___ The data ___

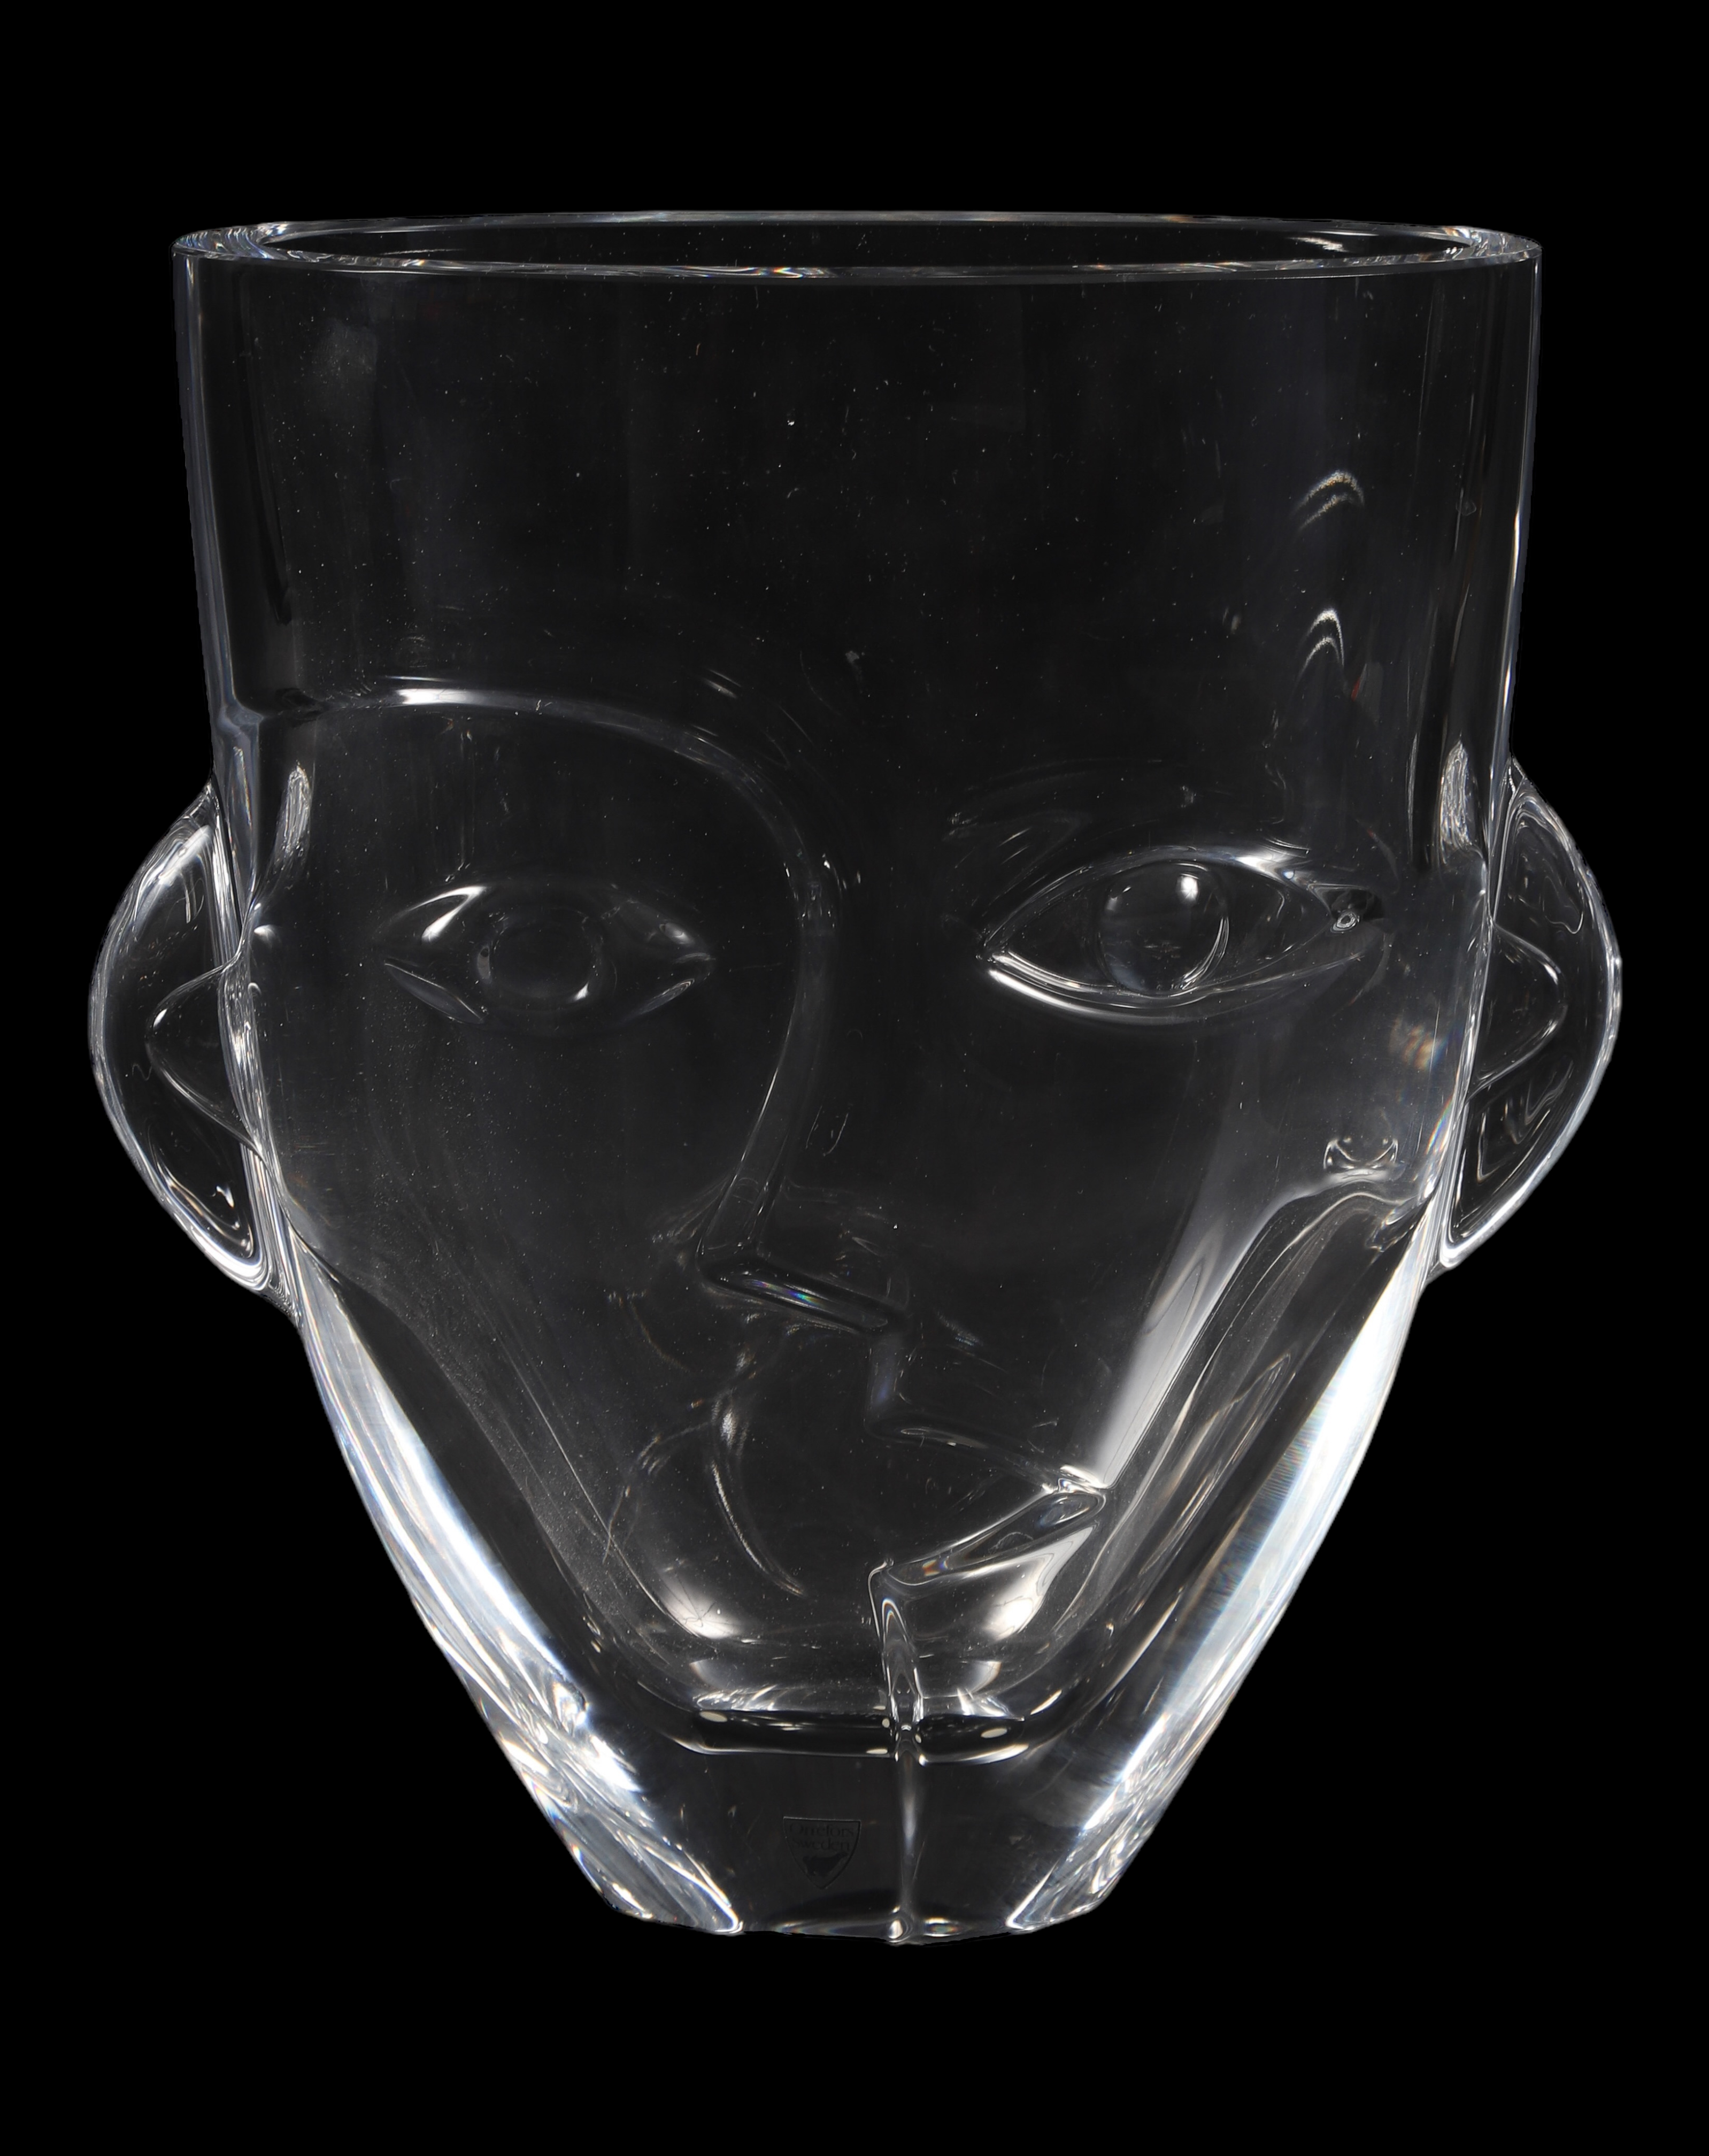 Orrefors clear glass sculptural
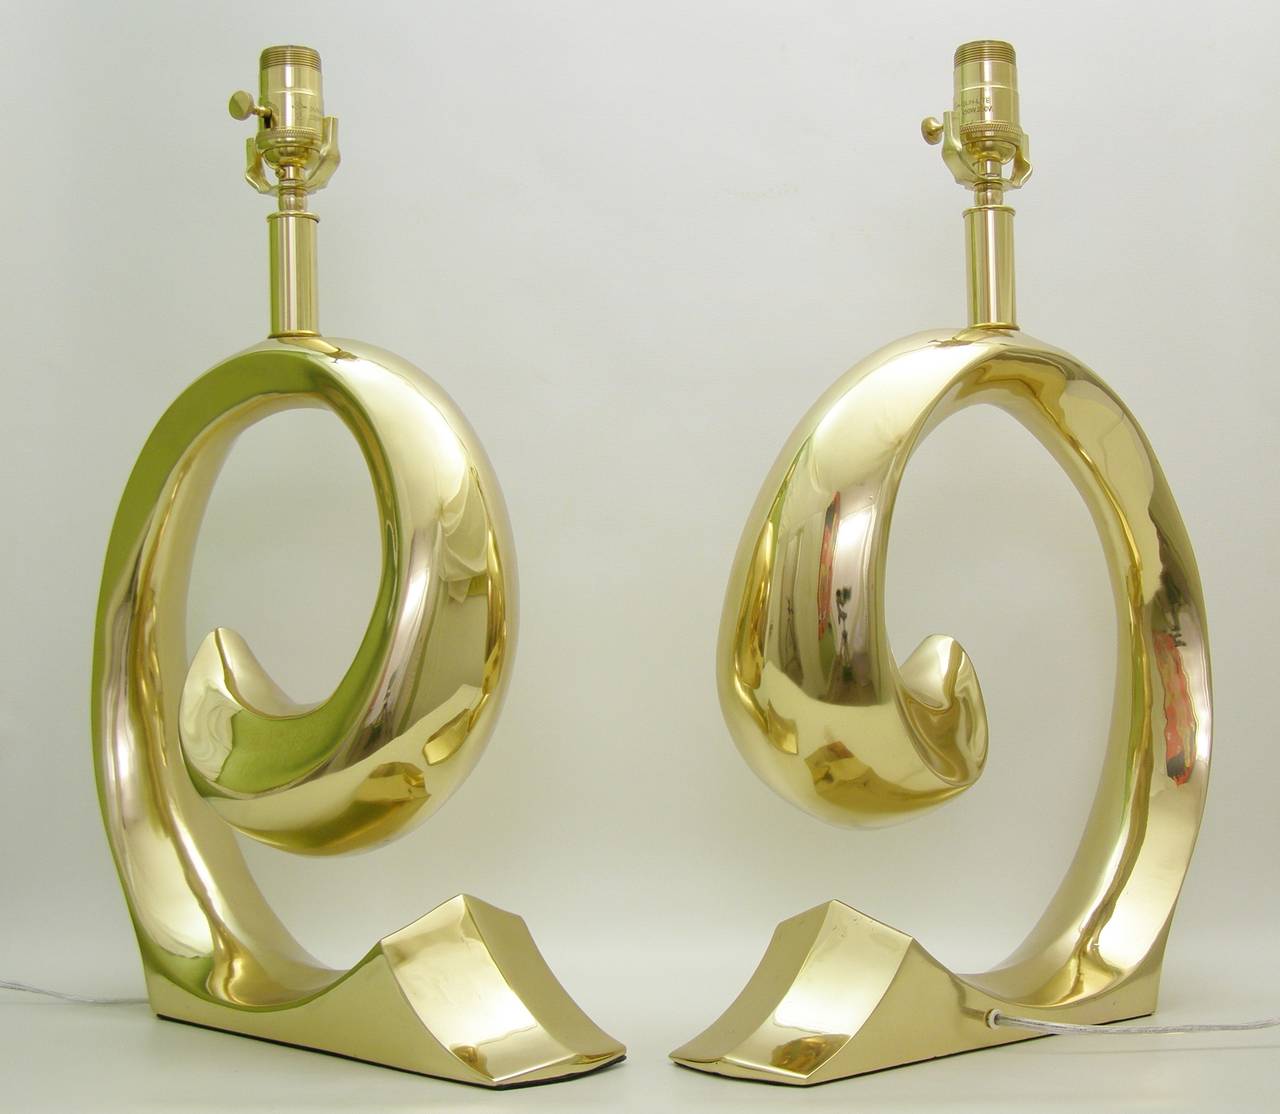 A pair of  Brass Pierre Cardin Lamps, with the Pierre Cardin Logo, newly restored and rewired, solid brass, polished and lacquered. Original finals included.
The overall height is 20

___

What you need to do: Pictures are to be left out; all other data must be returned exactly.

Problem solution:
 Orrefors clear glass sculptural
 A pair of  Brass Pierre Cardin Lamps, with the Pierre Cardin Logo, newly restored and rewired, solid brass, polished and lacquered. Original finals included.
The overall height is 20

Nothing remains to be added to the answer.